How the design of a study accounts for these biases determines the overall validity of the study. There are scenarios in which a study reports a significant or non-significant effect in which the bias may be responsible, leading to an overestimation or underestimation of the association between the intervention and the outcome. Moreover, the statistical significance test itself does not give consideration for these biases in the methodology. Unfortunately, it's not uncommon for people to interpret the results without taking into account the methodology and potential biases, leading to misreporting the evidence.
At the lower end of the hierarchy are studies that are observational and retrospective in nature. These include case reports and cross-sectional studies in which data from a population is analysed and correlations are drawn between exposure and outcomes. For example, population: type 2 diabetics - participants lifestyle factors are analysed, including diet, exercise and alcohol consumption - this data is then pooled and common traits prevalent within this population are then correlated with the outcome (type 2 diabetes).

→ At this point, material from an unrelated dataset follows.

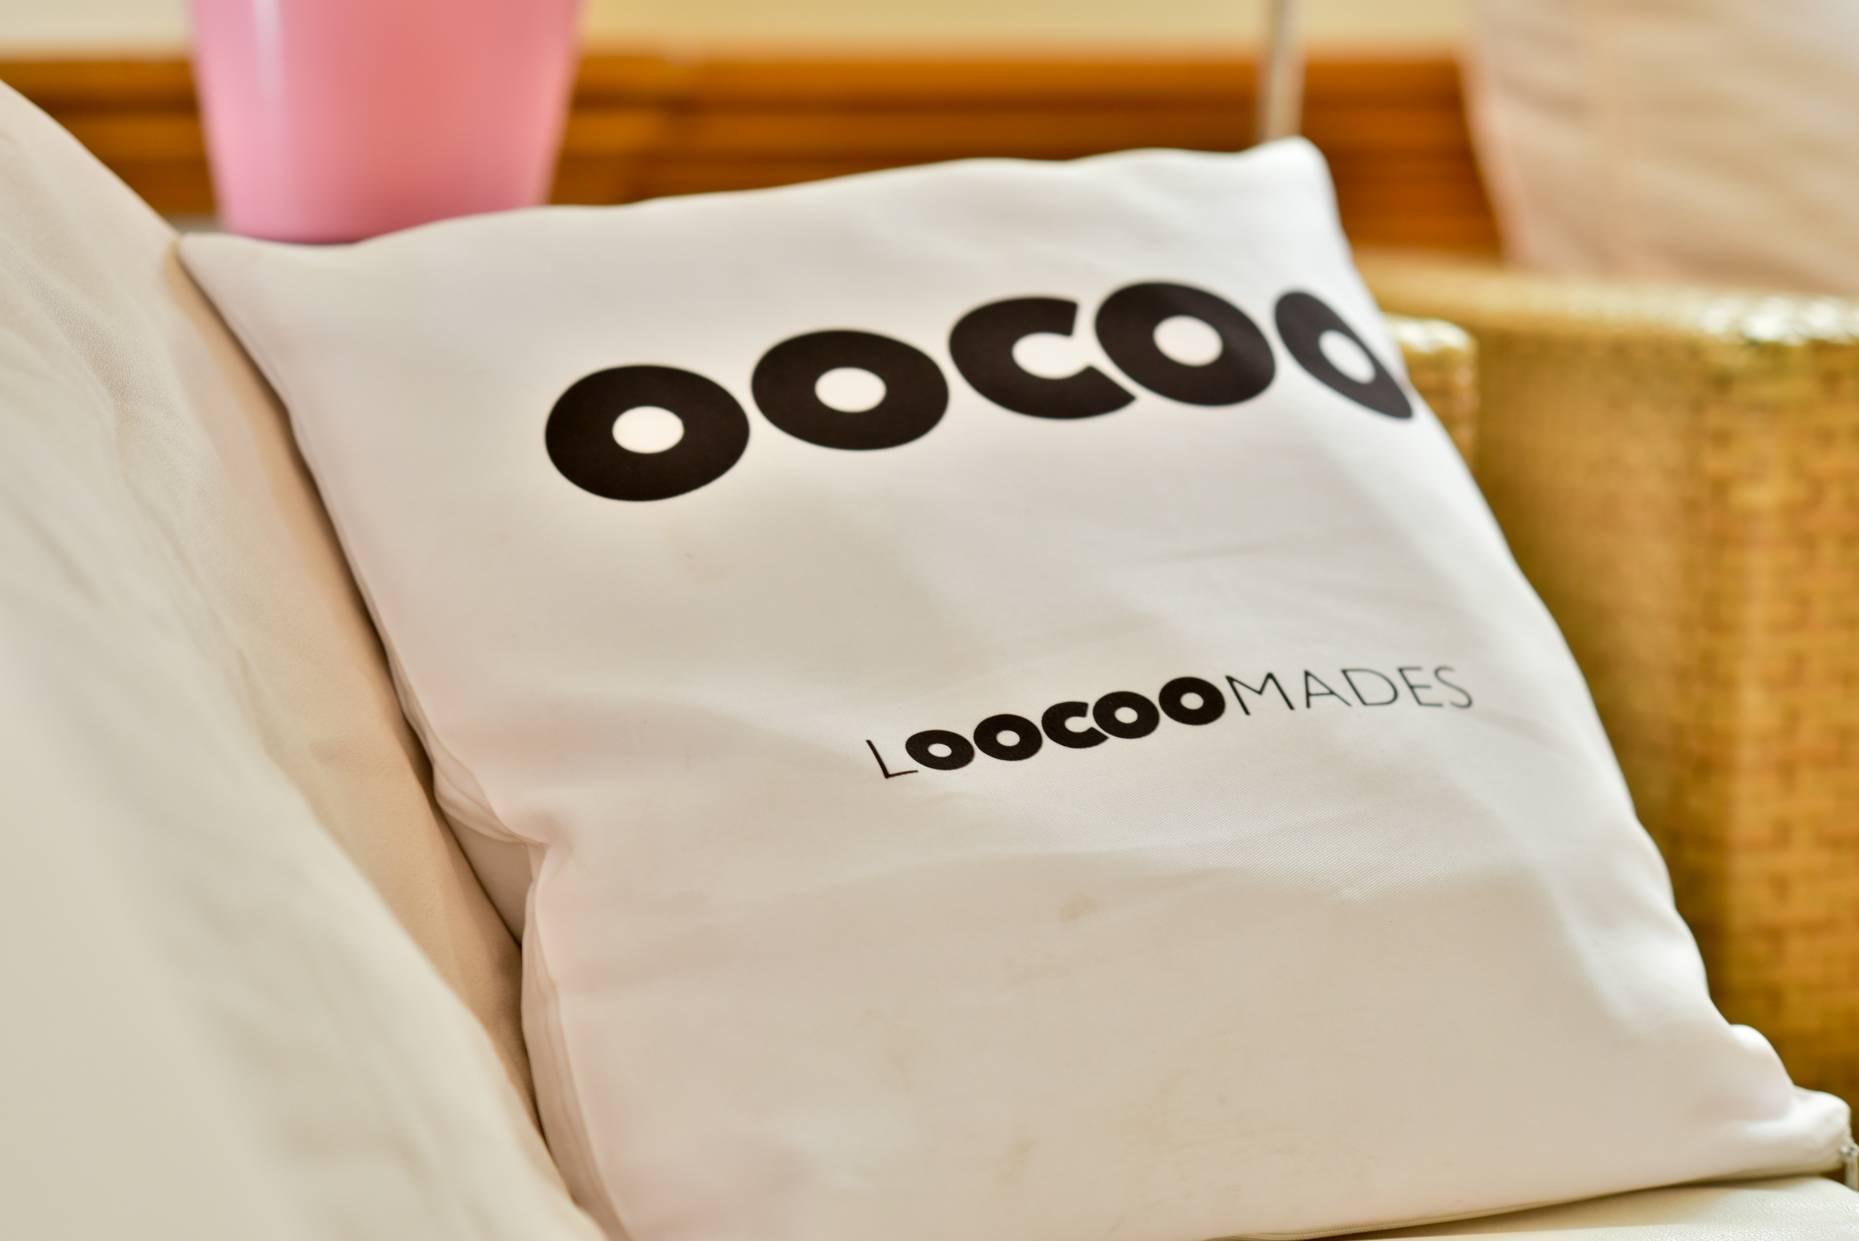 loocoomades

The limitation with these studies is it is very difficult to isolate a causative variable as there are so many confounding factors that are not accounted for, leading to an overestimation or underestimation of the true effect. Despite these limitations, they do have their use in research. If strong correlations are consistently observed then this certainly indicates a meaningful effect from an exposure. This effect can then be tested in a more controlled and rigorous environment, like an RCT. Moreover, observational studies can also identify potential long-term side-effects from an intervention that can't be picked up in many RCTs. Observational studies have an unfair reputation in research, and their value should not be underestimated.

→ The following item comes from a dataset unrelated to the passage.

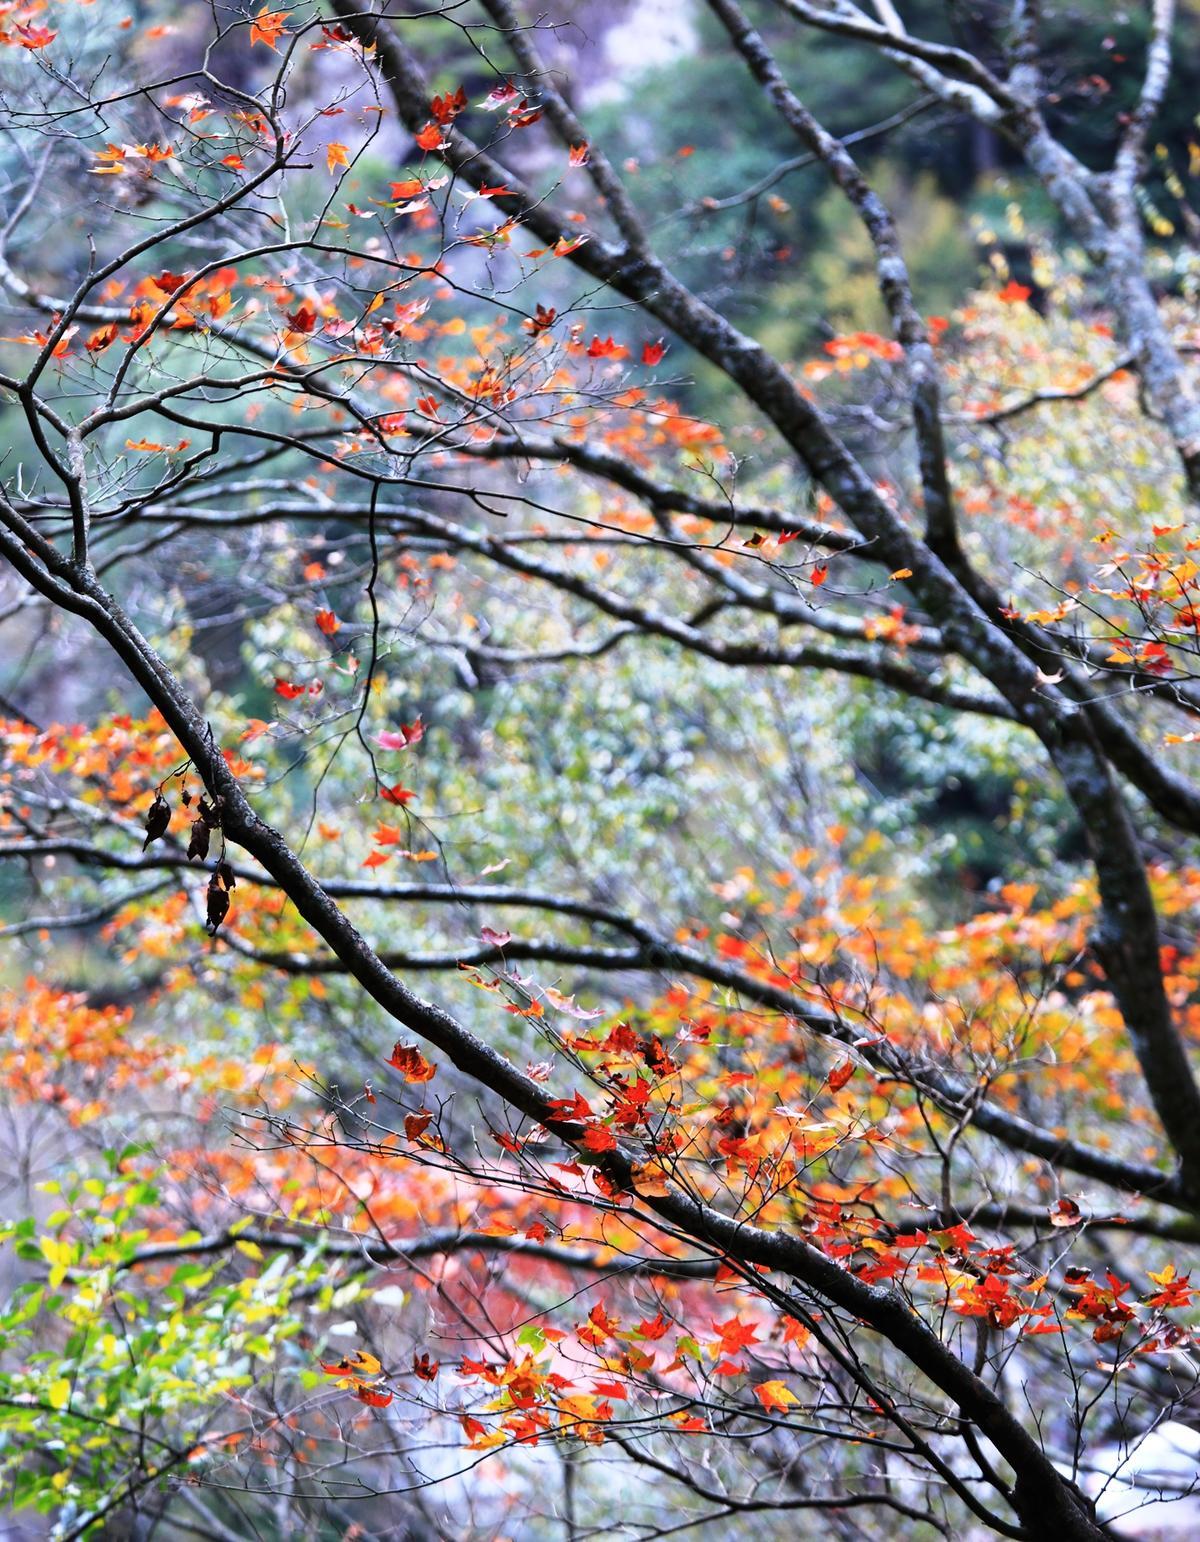 1月中旬造訪環山部落,能一次看到紅葉與梅花交織的秋冬之景。

The lower end of the pyramid
Right at the bottom of the pyramid are expert opinions & mechanistic studies. The expert opinions class is understandable considering it's an authors opinion carrying his/her own biases based on their own experience, alongside no control of any confounding factors. Mechanistic evidence is often a victim of many public figures misinterpreting its use, as there are numerous occasions where mechanistic evidence is not replicated in human outcome data. As an example, there is mechanistic evidence to suggest that too much polyunstaurated fat intake has detrimental effects on inflammation, however, all human outcome evidence suggests otherwise, and in fact, polyunsaturated fat intake has numerous health benefits, potentially including a reduction in inflammation. Mechanistic evidence can be considered as a complement to human outcome data to find out how an effect happens.

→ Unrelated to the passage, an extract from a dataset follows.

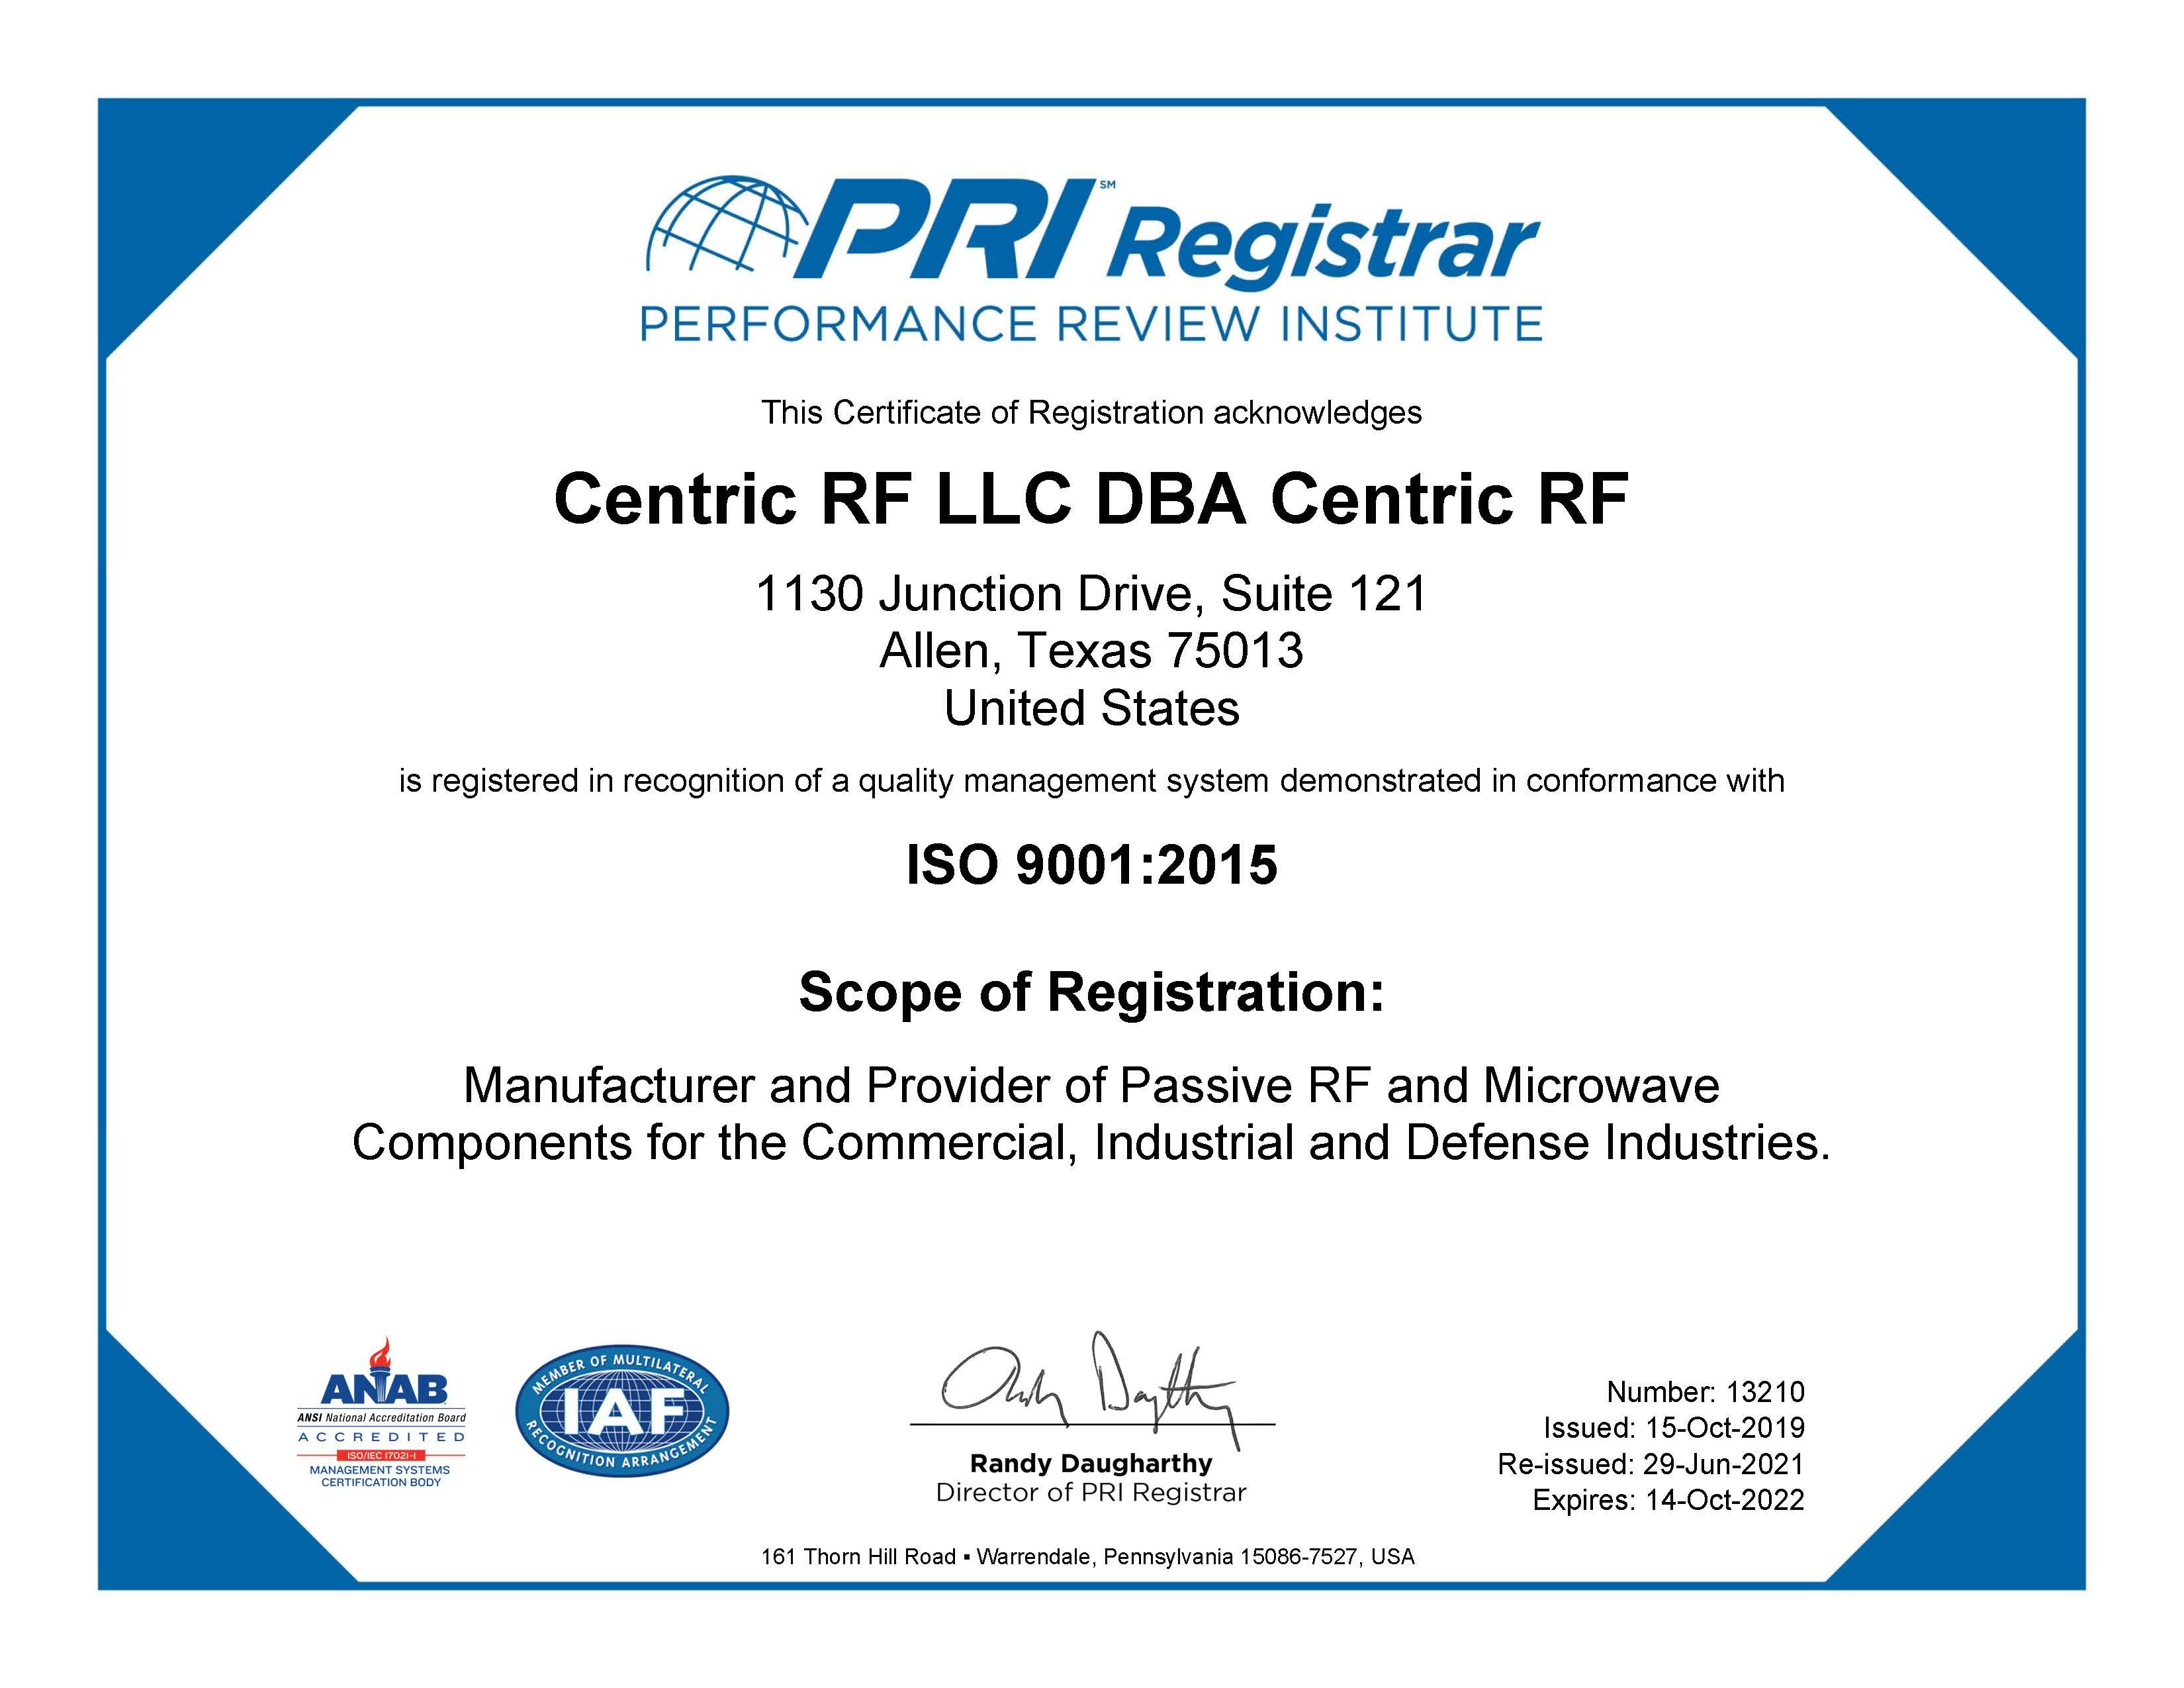 13210-centric-rf-llc-dba-centric-rf-29-jun-2021.jpg

Of course, the best evidence will present significantly human outcome data and mechanistic evidence to back this up, but in the absence or presence of mechanisms, human outcome data should be prioritised.
It's important to critically analyse all study designs, and not assume that just because a meta-analysis is at the top of the pyramid, that it must provide better data than a single RCT or well constructed observational or mechanistic study. All pros and cons should be considered when using evidence from different study designs and it's important to read through other aspects of the methodology like the inclusion and exclusion criteria, treatment allocation, blinding, follow-up, research environment and outcome measures to have a better idea as to whether the study is valid and provides data that reflects the true effect. After all, each statistical model is simply calculating how likely the results produced from the study represent the truth.